Line by line, copy the data below exactly.

(Dataset items)
○ ○ ○

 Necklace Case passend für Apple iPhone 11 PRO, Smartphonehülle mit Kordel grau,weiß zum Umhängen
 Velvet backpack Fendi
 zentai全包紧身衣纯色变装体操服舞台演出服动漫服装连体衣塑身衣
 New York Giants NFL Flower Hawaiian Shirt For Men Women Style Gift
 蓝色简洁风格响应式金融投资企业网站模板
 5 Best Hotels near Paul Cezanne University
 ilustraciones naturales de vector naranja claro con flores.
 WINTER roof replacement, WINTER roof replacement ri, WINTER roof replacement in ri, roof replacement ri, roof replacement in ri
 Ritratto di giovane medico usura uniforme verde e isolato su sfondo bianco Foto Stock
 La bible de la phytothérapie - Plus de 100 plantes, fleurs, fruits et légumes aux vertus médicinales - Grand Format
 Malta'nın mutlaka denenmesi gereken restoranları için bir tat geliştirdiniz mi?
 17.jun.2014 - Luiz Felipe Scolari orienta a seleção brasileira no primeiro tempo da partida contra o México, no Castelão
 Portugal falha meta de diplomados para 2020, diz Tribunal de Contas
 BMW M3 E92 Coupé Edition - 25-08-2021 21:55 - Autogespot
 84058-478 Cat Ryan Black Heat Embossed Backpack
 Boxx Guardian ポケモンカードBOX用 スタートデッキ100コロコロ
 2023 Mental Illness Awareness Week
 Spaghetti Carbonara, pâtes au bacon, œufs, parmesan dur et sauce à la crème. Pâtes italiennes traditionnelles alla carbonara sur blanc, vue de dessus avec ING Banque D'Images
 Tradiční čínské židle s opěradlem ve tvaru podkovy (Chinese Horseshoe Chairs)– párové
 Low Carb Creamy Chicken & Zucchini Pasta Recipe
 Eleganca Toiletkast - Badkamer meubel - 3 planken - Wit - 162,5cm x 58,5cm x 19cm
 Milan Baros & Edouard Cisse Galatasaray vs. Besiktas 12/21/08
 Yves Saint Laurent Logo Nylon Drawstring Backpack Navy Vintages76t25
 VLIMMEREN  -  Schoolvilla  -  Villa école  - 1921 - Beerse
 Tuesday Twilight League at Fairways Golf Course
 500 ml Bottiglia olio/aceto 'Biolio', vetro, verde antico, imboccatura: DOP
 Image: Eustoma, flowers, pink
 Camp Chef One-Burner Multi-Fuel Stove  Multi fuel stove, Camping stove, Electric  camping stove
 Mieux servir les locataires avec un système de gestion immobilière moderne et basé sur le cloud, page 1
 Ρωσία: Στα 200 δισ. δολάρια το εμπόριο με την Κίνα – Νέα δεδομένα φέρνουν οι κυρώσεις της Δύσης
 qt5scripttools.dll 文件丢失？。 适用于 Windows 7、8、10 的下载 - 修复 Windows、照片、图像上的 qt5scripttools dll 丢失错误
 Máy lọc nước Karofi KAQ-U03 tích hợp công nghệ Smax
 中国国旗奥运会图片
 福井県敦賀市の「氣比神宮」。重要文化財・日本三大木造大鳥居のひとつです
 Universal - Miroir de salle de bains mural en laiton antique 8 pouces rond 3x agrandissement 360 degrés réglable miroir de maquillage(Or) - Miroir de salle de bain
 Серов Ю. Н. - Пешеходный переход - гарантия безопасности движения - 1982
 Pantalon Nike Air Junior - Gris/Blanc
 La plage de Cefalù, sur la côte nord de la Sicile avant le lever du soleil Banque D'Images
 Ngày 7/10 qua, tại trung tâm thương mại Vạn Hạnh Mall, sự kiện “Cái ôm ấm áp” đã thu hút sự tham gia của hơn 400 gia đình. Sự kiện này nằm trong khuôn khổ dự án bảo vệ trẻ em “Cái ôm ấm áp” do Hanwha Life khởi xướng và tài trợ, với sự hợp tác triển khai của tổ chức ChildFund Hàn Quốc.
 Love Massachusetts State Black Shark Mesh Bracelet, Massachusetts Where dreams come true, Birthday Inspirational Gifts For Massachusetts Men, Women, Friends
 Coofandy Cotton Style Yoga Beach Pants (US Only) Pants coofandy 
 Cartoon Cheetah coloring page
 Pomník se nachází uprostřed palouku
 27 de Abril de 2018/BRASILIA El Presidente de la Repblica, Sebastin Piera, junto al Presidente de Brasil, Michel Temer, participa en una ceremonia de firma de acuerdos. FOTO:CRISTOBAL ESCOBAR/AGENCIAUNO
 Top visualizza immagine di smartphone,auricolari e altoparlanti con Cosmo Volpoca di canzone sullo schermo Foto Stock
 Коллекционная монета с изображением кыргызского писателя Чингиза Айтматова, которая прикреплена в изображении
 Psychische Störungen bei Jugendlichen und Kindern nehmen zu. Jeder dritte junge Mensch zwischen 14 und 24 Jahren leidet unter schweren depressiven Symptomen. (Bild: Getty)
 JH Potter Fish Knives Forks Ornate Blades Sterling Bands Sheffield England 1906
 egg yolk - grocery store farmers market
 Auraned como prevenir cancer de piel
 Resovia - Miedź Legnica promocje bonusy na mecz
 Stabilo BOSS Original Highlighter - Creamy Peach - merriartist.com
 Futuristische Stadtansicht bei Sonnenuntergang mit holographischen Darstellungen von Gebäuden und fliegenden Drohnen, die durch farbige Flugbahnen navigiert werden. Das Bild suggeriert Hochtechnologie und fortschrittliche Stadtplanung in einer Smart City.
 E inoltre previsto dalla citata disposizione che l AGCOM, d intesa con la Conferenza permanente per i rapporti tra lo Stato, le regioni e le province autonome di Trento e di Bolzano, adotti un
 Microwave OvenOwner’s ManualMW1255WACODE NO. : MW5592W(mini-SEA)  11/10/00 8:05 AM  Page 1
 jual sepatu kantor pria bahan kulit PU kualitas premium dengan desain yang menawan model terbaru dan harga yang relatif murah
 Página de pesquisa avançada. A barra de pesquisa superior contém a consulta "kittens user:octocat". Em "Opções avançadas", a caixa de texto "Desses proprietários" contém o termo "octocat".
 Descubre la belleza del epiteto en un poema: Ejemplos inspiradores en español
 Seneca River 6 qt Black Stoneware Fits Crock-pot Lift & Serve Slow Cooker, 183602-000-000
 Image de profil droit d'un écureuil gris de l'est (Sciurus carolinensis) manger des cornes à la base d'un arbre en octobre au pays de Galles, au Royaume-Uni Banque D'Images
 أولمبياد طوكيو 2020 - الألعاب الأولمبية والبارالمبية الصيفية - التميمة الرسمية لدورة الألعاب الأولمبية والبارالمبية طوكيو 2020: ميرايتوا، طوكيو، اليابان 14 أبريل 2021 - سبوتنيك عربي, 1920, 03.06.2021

○ ○ ○

◆ **RESULT OF THE TASK**:
 Necklace Case passend für Apple iPhone 11 PRO, Smartphonehülle mit Kordel grau,weiß zum Umhängen
 Velvet backpack Fendi
 zentai全包紧身衣纯色变装体操服舞台演出服动漫服装连体衣塑身衣
 New York Giants NFL Flower Hawaiian Shirt For Men Women Style Gift
 蓝色简洁风格响应式金融投资企业网站模板
 5 Best Hotels near Paul Cezanne University
 ilustraciones naturales de vector naranja claro con flores.
 WINTER roof replacement, WINTER roof replacement ri, WINTER roof replacement in ri, roof replacement ri, roof replacement in ri
 Ritratto di giovane medico usura uniforme verde e isolato su sfondo bianco Foto Stock
 La bible de la phytothérapie - Plus de 100 plantes, fleurs, fruits et légumes aux vertus médicinales - Grand Format
 Malta'nın mutlaka denenmesi gereken restoranları için bir tat geliştirdiniz mi?
 17.jun.2014 - Luiz Felipe Scolari orienta a seleção brasileira no primeiro tempo da partida contra o México, no Castelão
 Portugal falha meta de diplomados para 2020, diz Tribunal de Contas
 BMW M3 E92 Coupé Edition - 25-08-2021 21:55 - Autogespot
 84058-478 Cat Ryan Black Heat Embossed Backpack
 Boxx Guardian ポケモンカードBOX用 スタートデッキ100コロコロ
 2023 Mental Illness Awareness Week
 Spaghetti Carbonara, pâtes au bacon, œufs, parmesan dur et sauce à la crème. Pâtes italiennes traditionnelles alla carbonara sur blanc, vue de dessus avec ING Banque D'Images
 Tradiční čínské židle s opěradlem ve tvaru podkovy (Chinese Horseshoe Chairs)– párové
 Low Carb Creamy Chicken & Zucchini Pasta Recipe
 Eleganca Toiletkast - Badkamer meubel - 3 planken - Wit - 162,5cm x 58,5cm x 19cm
 Milan Baros & Edouard Cisse Galatasaray vs. Besiktas 12/21/08
 Yves Saint Laurent Logo Nylon Drawstring Backpack Navy Vintages76t25
 VLIMMEREN  -  Schoolvilla  -  Villa école  - 1921 - Beerse
 Tuesday Twilight League at Fairways Golf Course
 500 ml Bottiglia olio/aceto 'Biolio', vetro, verde antico, imboccatura: DOP
 Image: Eustoma, flowers, pink
 Camp Chef One-Burner Multi-Fuel Stove  Multi fuel stove, Camping stove, Electric  camping stove
 Mieux servir les locataires avec un système de gestion immobilière moderne et basé sur le cloud, page 1
 Ρωσία: Στα 200 δισ. δολάρια το εμπόριο με την Κίνα – Νέα δεδομένα φέρνουν οι κυρώσεις της Δύσης
 qt5scripttools.dll 文件丢失？。 适用于 Windows 7、8、10 的下载 - 修复 Windows、照片、图像上的 qt5scripttools dll 丢失错误
 Máy lọc nước Karofi KAQ-U03 tích hợp công nghệ Smax
 中国国旗奥运会图片
 福井県敦賀市の「氣比神宮」。重要文化財・日本三大木造大鳥居のひとつです
 Universal - Miroir de salle de bains mural en laiton antique 8 pouces rond 3x agrandissement 360 degrés réglable miroir de maquillage(Or) - Miroir de salle de bain
 Серов Ю. Н. - Пешеходный переход - гарантия безопасности движения - 1982
 Pantalon Nike Air Junior - Gris/Blanc
 La plage de Cefalù, sur la côte nord de la Sicile avant le lever du soleil Banque D'Images
 Ngày 7/10 qua, tại trung tâm thương mại Vạn Hạnh Mall, sự kiện “Cái ôm ấm áp” đã thu hút sự tham gia của hơn 400 gia đình. Sự kiện này nằm trong khuôn khổ dự án bảo vệ trẻ em “Cái ôm ấm áp” do Hanwha Life khởi xướng và tài trợ, với sự hợp tác triển khai của tổ chức ChildFund Hàn Quốc.
 Love Massachusetts State Black Shark Mesh Bracelet, Massachusetts Where dreams come true, Birthday Inspirational Gifts For Massachusetts Men, Women, Friends
 Coofandy Cotton Style Yoga Beach Pants (US Only) Pants coofandy 
 Cartoon Cheetah coloring page
 Pomník se nachází uprostřed palouku
 27 de Abril de 2018/BRASILIA El Presidente de la Repblica, Sebastin Piera, junto al Presidente de Brasil, Michel Temer, participa en una ceremonia de firma de acuerdos. FOTO:CRISTOBAL ESCOBAR/AGENCIAUNO
 Top visualizza immagine di smartphone,auricolari e altoparlanti con Cosmo Volpoca di canzone sullo schermo Foto Stock
 Коллекционная монета с изображением кыргызского писателя Чингиза Айтматова, которая прикреплена в изображении
 Psychische Störungen bei Jugendlichen und Kindern nehmen zu. Jeder dritte junge Mensch zwischen 14 und 24 Jahren leidet unter schweren depressiven Symptomen. (Bild: Getty)
 JH Potter Fish Knives Forks Ornate Blades Sterling Bands Sheffield England 1906
 egg yolk - grocery store farmers market
 Auraned como prevenir cancer de piel
 Resovia - Miedź Legnica promocje bonusy na mecz
 Stabilo BOSS Original Highlighter - Creamy Peach - merriartist.com
 Futuristische Stadtansicht bei Sonnenuntergang mit holographischen Darstellungen von Gebäuden und fliegenden Drohnen, die durch farbige Flugbahnen navigiert werden. Das Bild suggeriert Hochtechnologie und fortschrittliche Stadtplanung in einer Smart City.
 E inoltre previsto dalla citata disposizione che l AGCOM, d intesa con la Conferenza permanente per i rapporti tra lo Stato, le regioni e le province autonome di Trento e di Bolzano, adotti un
 Microwave OvenOwner’s ManualMW1255WACODE NO. : MW5592W(mini-SEA)  11/10/00 8:05 AM  Page 1
 jual sepatu kantor pria bahan kulit PU kualitas premium dengan desain yang menawan model terbaru dan harga yang relatif murah
 Página de pesquisa avançada. A barra de pesquisa superior contém a consulta "kittens user:octocat". Em "Opções avançadas", a caixa de texto "Desses proprietários" contém o termo "octocat".
 Descubre la belleza del epiteto en un poema: Ejemplos inspiradores en español
 Seneca River 6 qt Black Stoneware Fits Crock-pot Lift & Serve Slow Cooker, 183602-000-000
 Image de profil droit d'un écureuil gris de l'est (Sciurus carolinensis) manger des cornes à la base d'un arbre en octobre au pays de Galles, au Royaume-Uni Banque D'Images
 أولمبياد طوكيو 2020 - الألعاب الأولمبية والبارالمبية الصيفية - التميمة الرسمية لدورة الألعاب الأولمبية والبارالمبية طوكيو 2020: ميرايتوا، طوكيو، اليابان 14 أبريل 2021 - سبوتنيك عربي, 1920, 03.06.2021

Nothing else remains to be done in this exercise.